I asked you once to just come cuddling,
but you didn't believe in all my muddling.
And who can blame you when I am
the self-destructed on command.
But I meant it then, and maybe soon
you won't hate what I am turning to.
I'm drowning in my sad and sorry,
with head beneath the sleek and starry
cascading solar plexus known
to only those who've sank below.
But given time that's going by,
I want to emerge and deify
my living self to all who'll stand
and deliver hands to my own hand.
But before all that there was just you.
You were the muse that I abused.
You tantalized and brought me through
with your sun tan shining and verbose too.

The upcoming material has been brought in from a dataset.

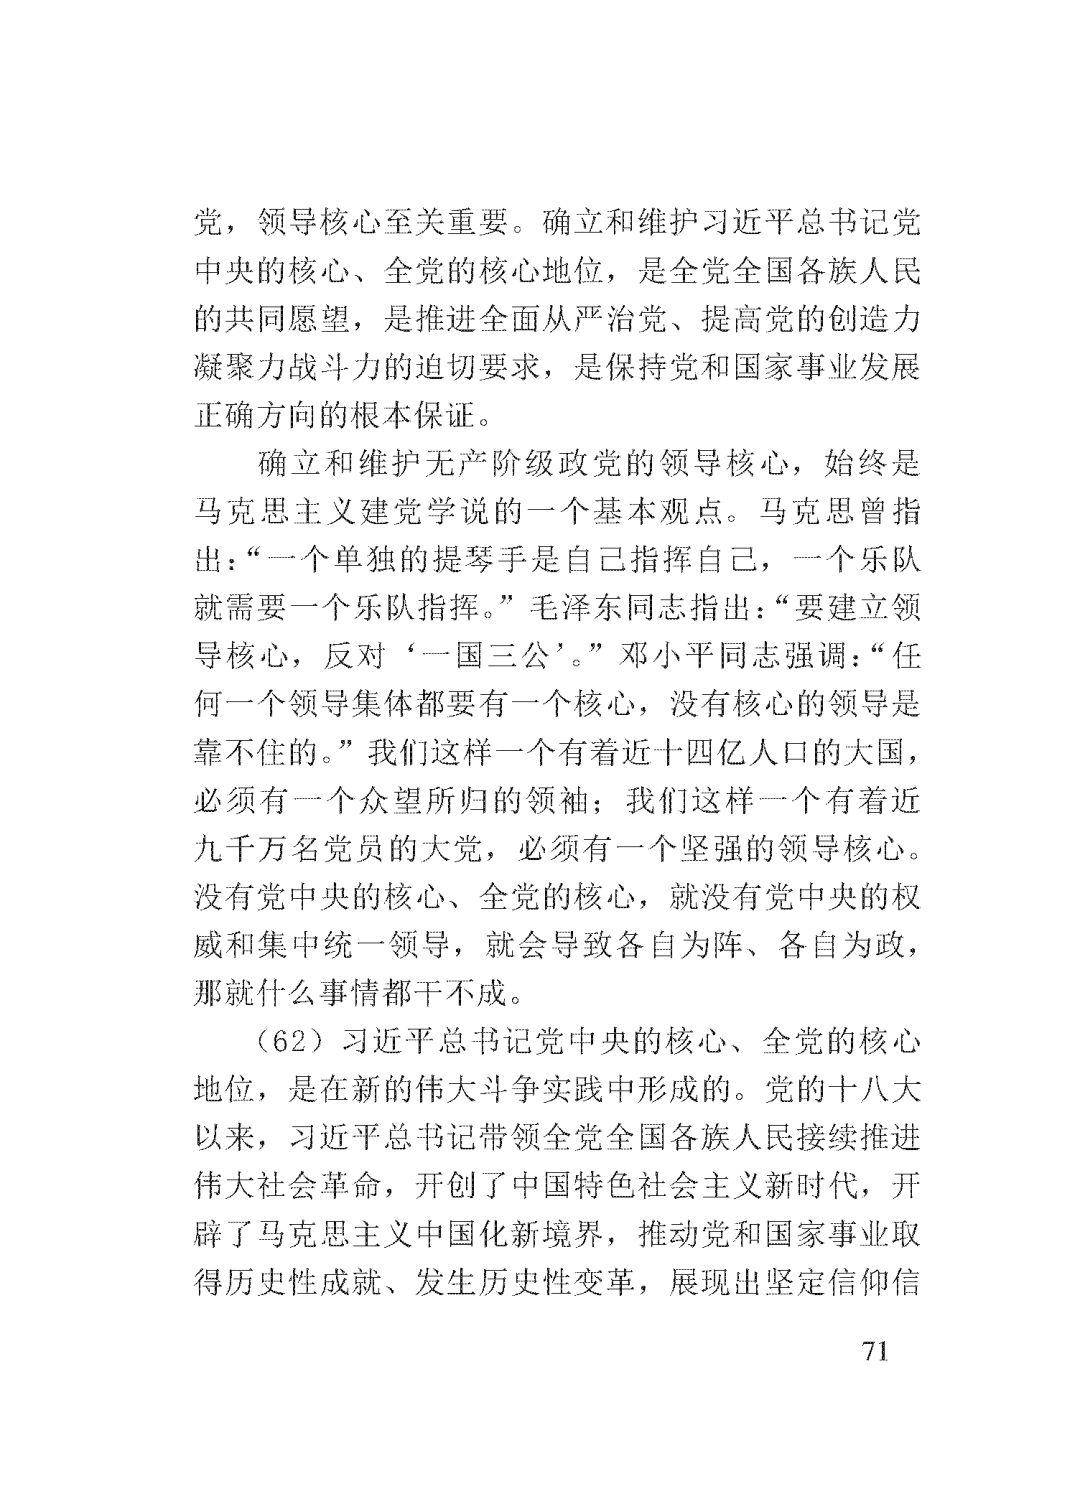 中国最本质的特征_中国特色社会主义最本质的特征.社会主义法治最根本

I wanted to just dive in depths
and dig myself as we both wept,
but you had seen for better yet,
at least there was the time we'd spent.
And you would not perform for me
unless I'd ask so nicely,
because down deep you had enjoyed
the things we did, the way we toyed
with the thought of lasting for some years,
awash in fog on your windshield.
I grasped your hips and held on firm
as you would observe and squirm,
complaining and convulsing forth,
issuing an order toward
a barren strait where I'd laid down
my laiden craft and dressing gown
with tassles matched upon the cap,
now caked with dirt and mobile scrap.
And when I turned to snort and sneer,
I saw you as you disappeared.
Yet you deserve a lover's song,
though we weren't in love for long.
But my fingers don't have much to give
so you'll just have to live with this:
this shuffling of my flaunted words
that leaves us both so undisturbed,
but conveys a sense of love and loss
that tosses with my every thought.
Maybe it's just the loneliness,
but I'm lost in odes to my distress
and wishing for a sweet new vine
to yield the grapes of soul divine.
But I'll keep a hold on the maps I made
while exploring you and your terrain,
and melt myself with memory
while you find a replacement for me.